I ask myself after watching this: what would’ve happened if Peter had assistive technology? His mom, his aides, and his teachers said they wondered what he was thinking; well, suppose they could find out? There are so many options out there–picture boards, computerized machines, keyboarding, cards, books… And yes, of course, in 1995, some of this may have sounded new or radical. And maybe some people might say “Peter’s not smart enough to learn to use that assistive technology.” But I challenge that, on this basis. Is Peter’s IQ going to get any higher? Probably not, as far as I know (and I’m not a doctor, so I’m not 100% sure). But again, as far as I know, IQ doesn’t just soar up or jump down, in the absence of severe trauma, Alzheimer’s, and so forth (and maybe IQ has nothing to do with those). So really, I don’t think communication, and whether Peter, or anyone else, is “smart enough” to use it, is a disability issue. I think it’s more an issue of people not knowing what’s out there, being scared it won’t work, or, heaven help them, giving up.

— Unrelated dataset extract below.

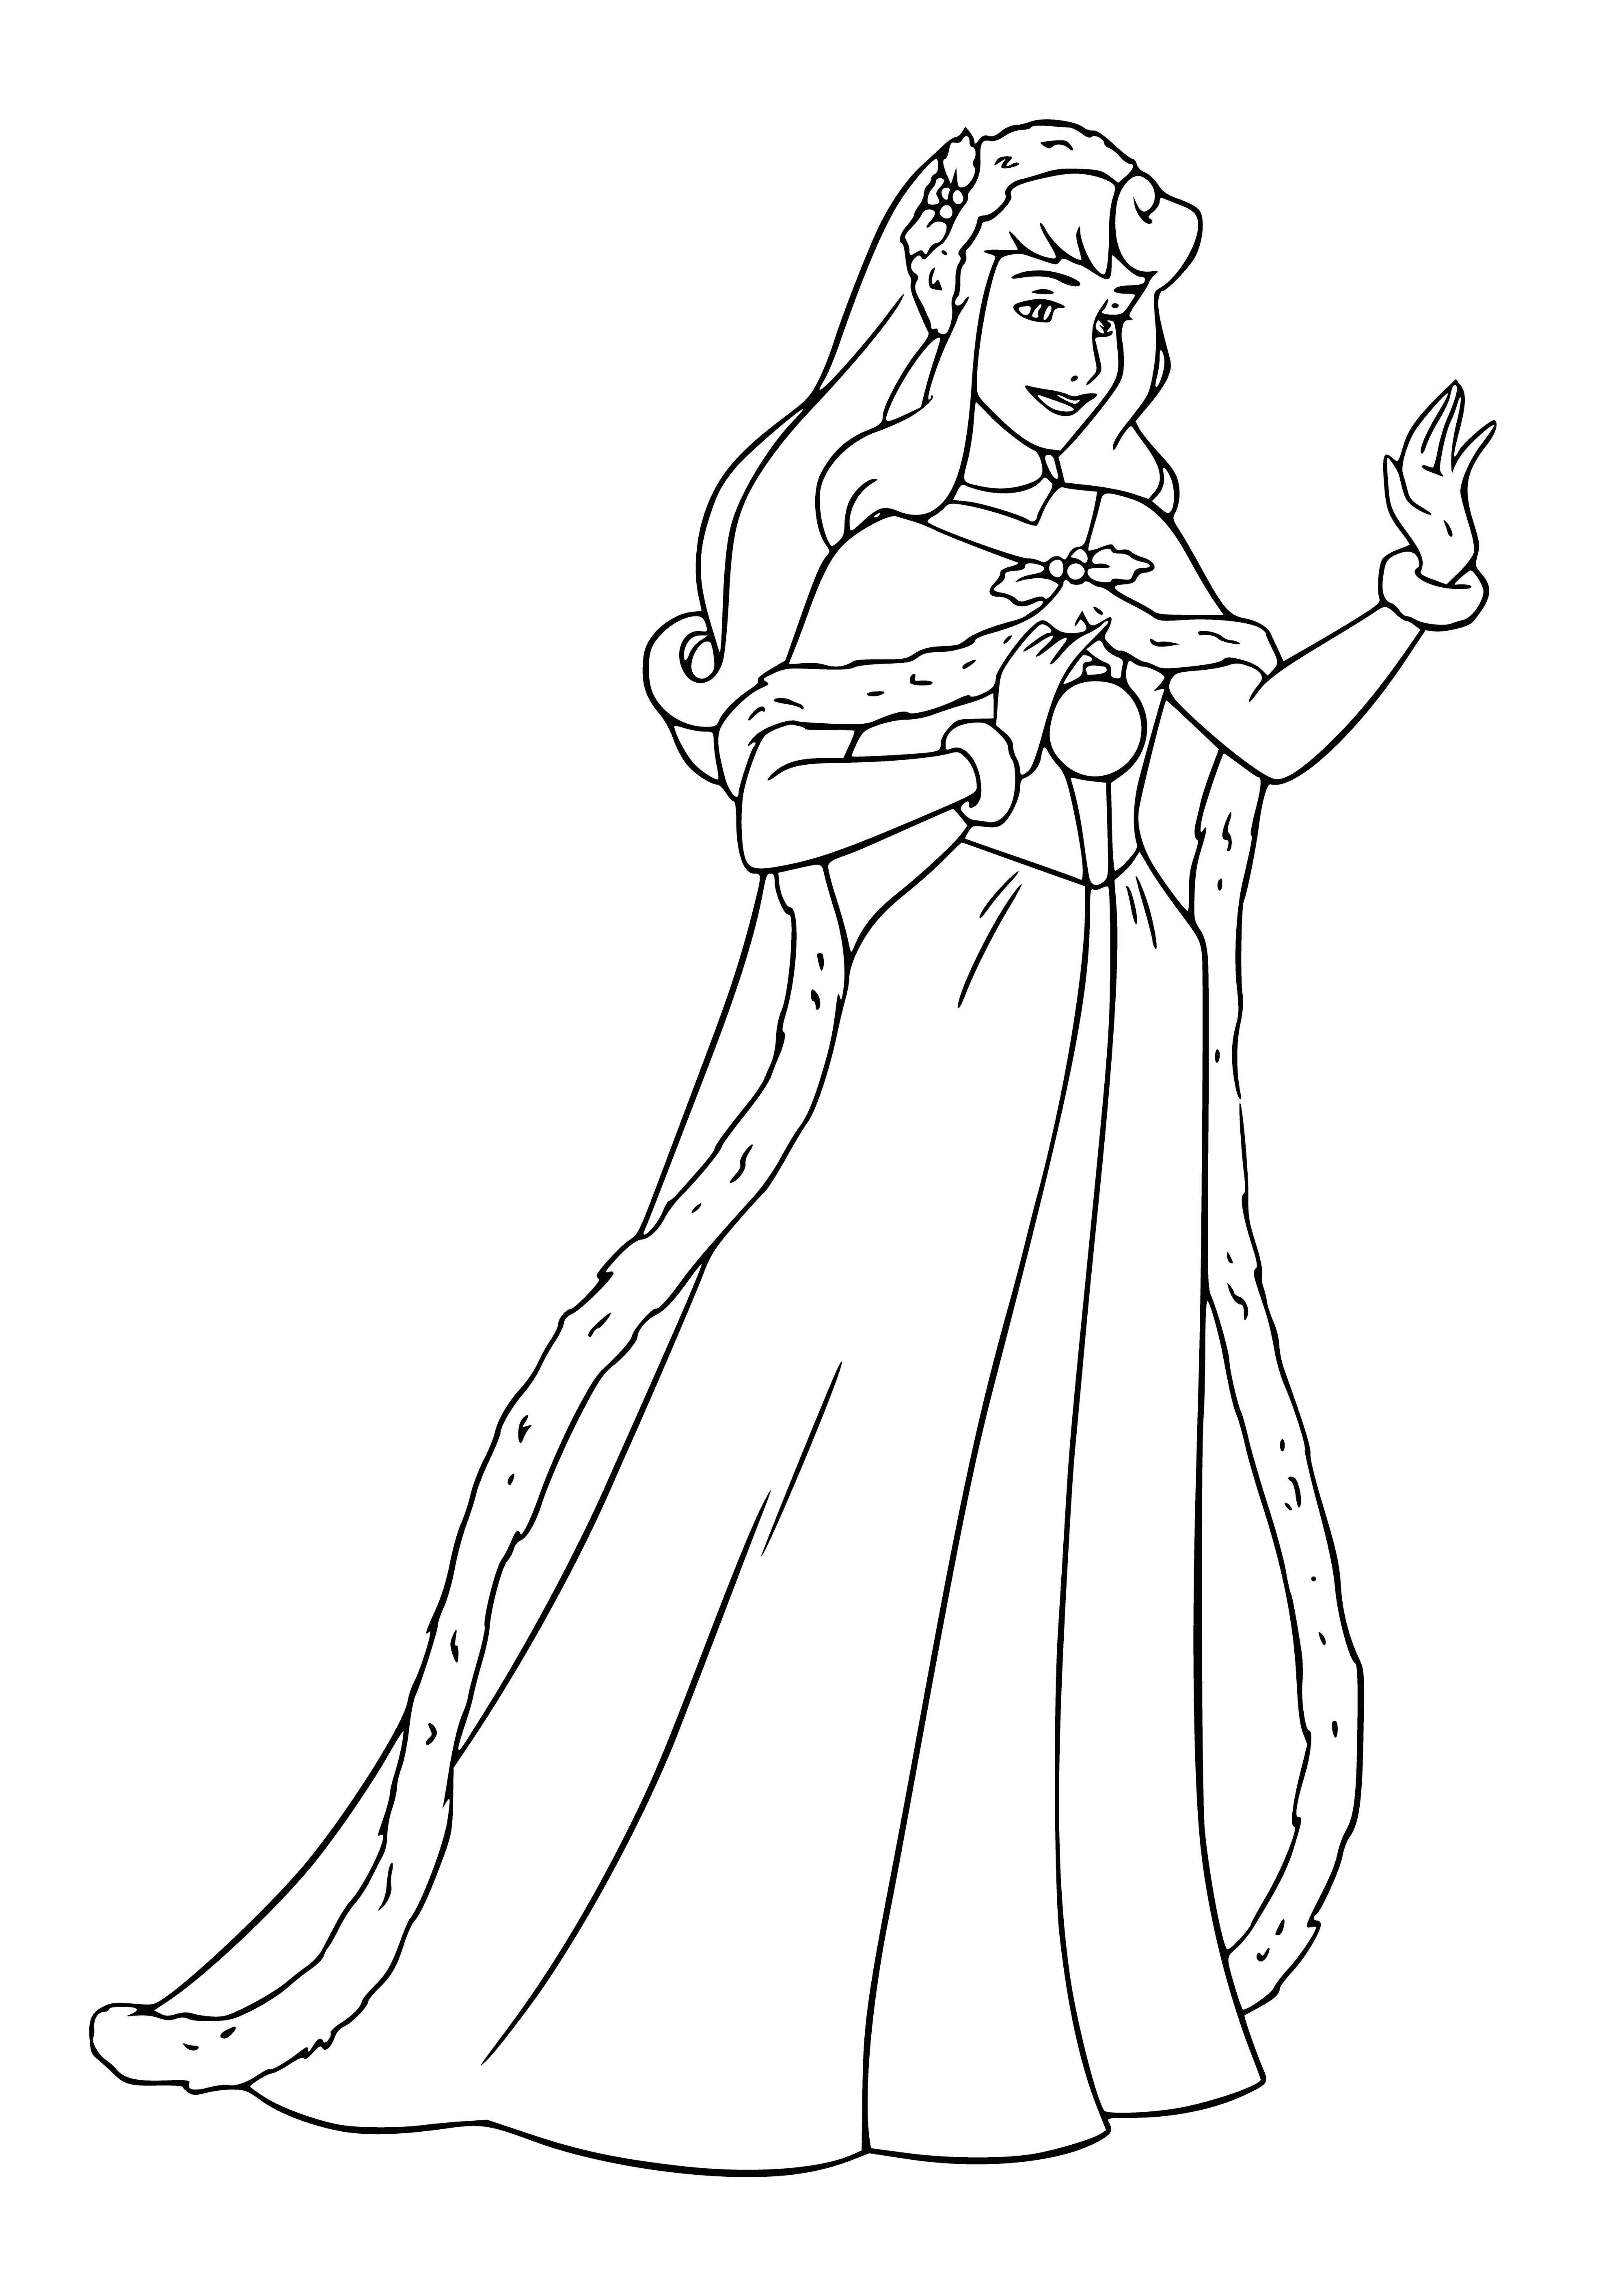 Princess aurora coloring page

Now, again, I’m not trying to bash anyone. I’m sure Peter’s mom loves her son, and I’m sure Peter’s school tried. (Hard enough? I think not, but still, no good comes of saying special ed and the like is evil). But I think Peter Wadouskis was given up on and exploited, and that if he had a voice, he would, in his own way, been able to express that.

Think about it. Imagine that for one day, you couldn’t talk except in grunts, screams, or intelligible syllables. Wouldn’t you do anything to make yourself heard?

Let’s give PWDs the first real step toward independence, by making it possible for them to talk to us.